Ten minutes later, though, as there were maybe a dozen of us spread out in Suzanne's parents' living room, a box of old video tapes on the floor before us, Heather shaking up grape-vodka-and-Sprites, I came to the sudden realization of how wrong my own vision of this "house party" was going to be. On one side of the room, there was Nick making his "Vanguard Grill" face, and on the other side of the room, Suzanne was popping a TV production video tape into the VCR, and then everyone was laughing at old 1998-99 haircuts and clothes, and saying things like "Whatever happened to him?" and "Oh my God, do you remember when...?" and yes, we were watching a full video yearbook of morning announcements and outtakes and it was as if I'd wandered into Patty and Selma's home for a slide show from their latest vacation, and while everyone else laughed and high-fived and knee-slapped and nudge-nudged, I sat with a straight face for fifteen minutes (that's how long these home movies lasted, right?), wondering if Suzanne's parents perhaps had any Diet Coke two-liters in the fridge.
I checked. Nothing. Just some Sprite, some OJ, some milk, and a box of cereal on the counter.
"Suzanne, where are your parents?" I asked. "Do they not have any soda stashed anywhere?"

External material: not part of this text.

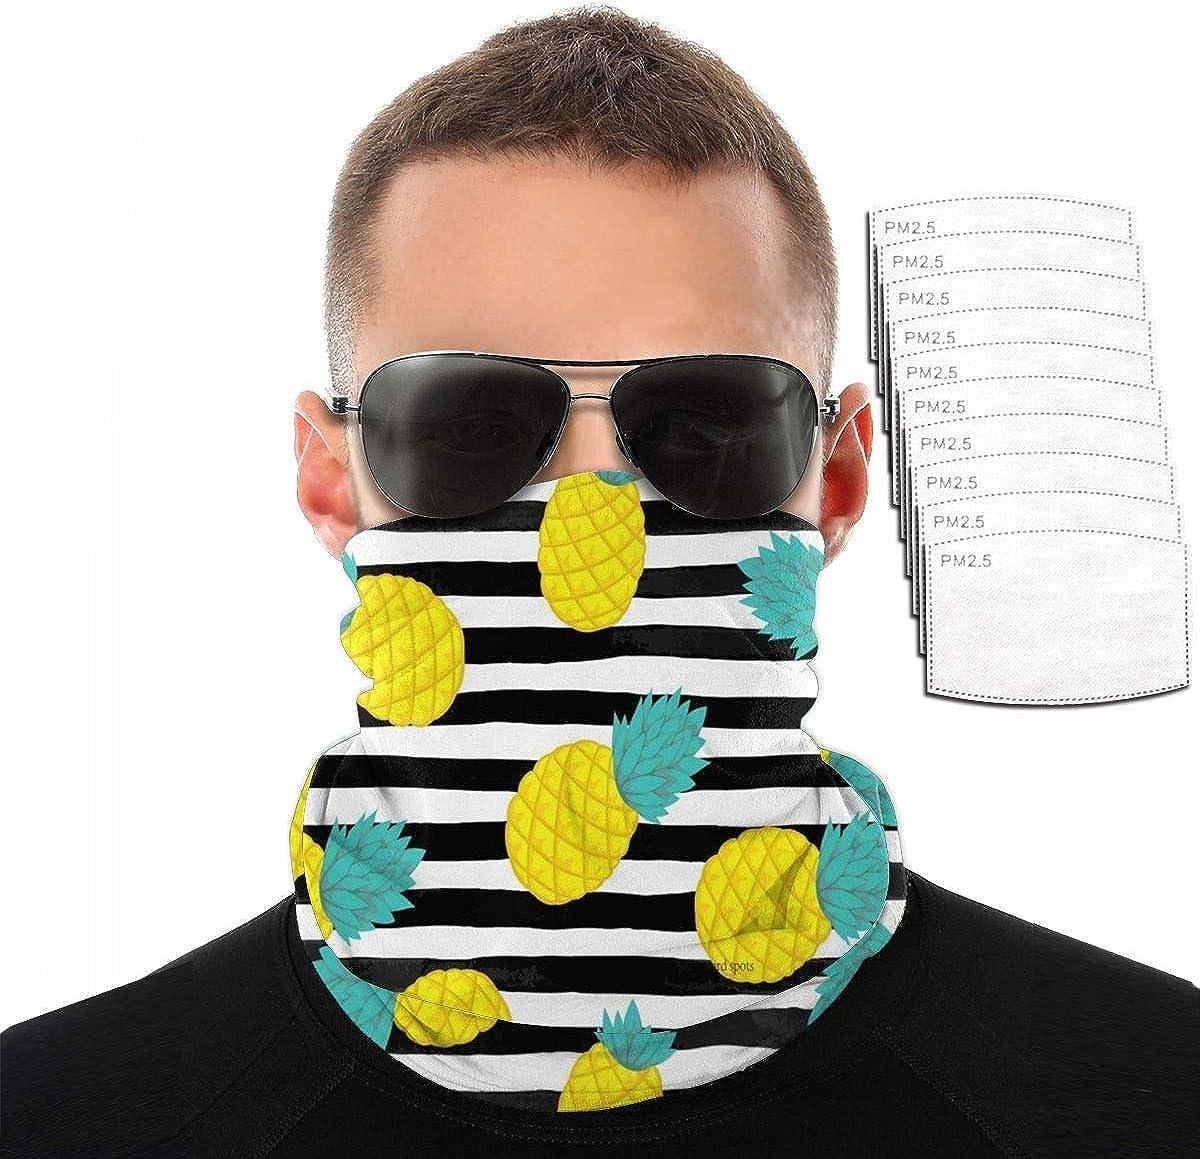 KiuLoam Bandana Face Mask Reusable,Pineapple Stripes Neck Gaiter Balaclava for Women Men

"Well," she said, likely annoyed that I was rummaging, but also too engrossed in watching old videos to really stop me, "they don't live here anymore, Nathan."
"They don't...live here?"
"They have a new house. This one's up for sale."
And suddenly it made sense. Horrible, horrible sense. When I'd walked to the bathroom earlier, the hallways and bedrooms had all seemed remarkably empty, and it was indeed strange that these people would only have an old-school TV and VCR (no cable, no DVD player), but who am I to judge? It was Ocala, after all. But now the pieces fit: empty for-sale house.
"So they don't keep, like, Diet Coke anywhere? Just in case they come back for an afternoon?" I asked.
"Let it go," Heather said. "Come watch the video."
House party, I thought. Sober. No Diet Coke. And I took my seat again, and the videos kept going, twenty minutes, thirty, certainly no high school video would last longer than half-an-hour?, then forty-five minutes, and by the time we neared the third hour of collected video footage, old pep rallies and Powder Puffs, and Melissa and Heather doing some sort of strange '90s dance together, and Reel Big Fish and Mighty Mighty Bosstones playing as a soundtrack, and Dating Tips for Valentine's Day! and institutionally lit high school hallways, and re-living memories that were not my own, and it was all too much, too much, and by the time we left at 2 AM or 3 AM or whenever, I knew that I could pitch to Dick Cheney a much better and more frightening option than water-boarding.
Expectations, expectations. At the start of the night, they'd kept me going. By the end of the night, they'd grounded me, made a horrorshow of what I was suddenly expecting to be an interesting experience. A spouse at his wife's 10-year reunion: and now I had the dreariest, most depressing expectations for the big night, the Saturday dinner and dance.
2 comments:
arrogant bastard is not an ipa, shithead.
Okay, "JJR2378BALLR" (who, by the way, elects to remain anonymous), it's technically an American Strong Ale. But it's damn close, and many strong ales are technically Double IPAs. Thank you for being a typical douchebag comment-boarder by posting a negative comment (complete with insult and swear word and bad grammar) that in no way addresses the posting itself, electing instead to focus upon some tiny nit-pick detail that--you hope, by identifying--will make you appear to be an authority. Good luck with that.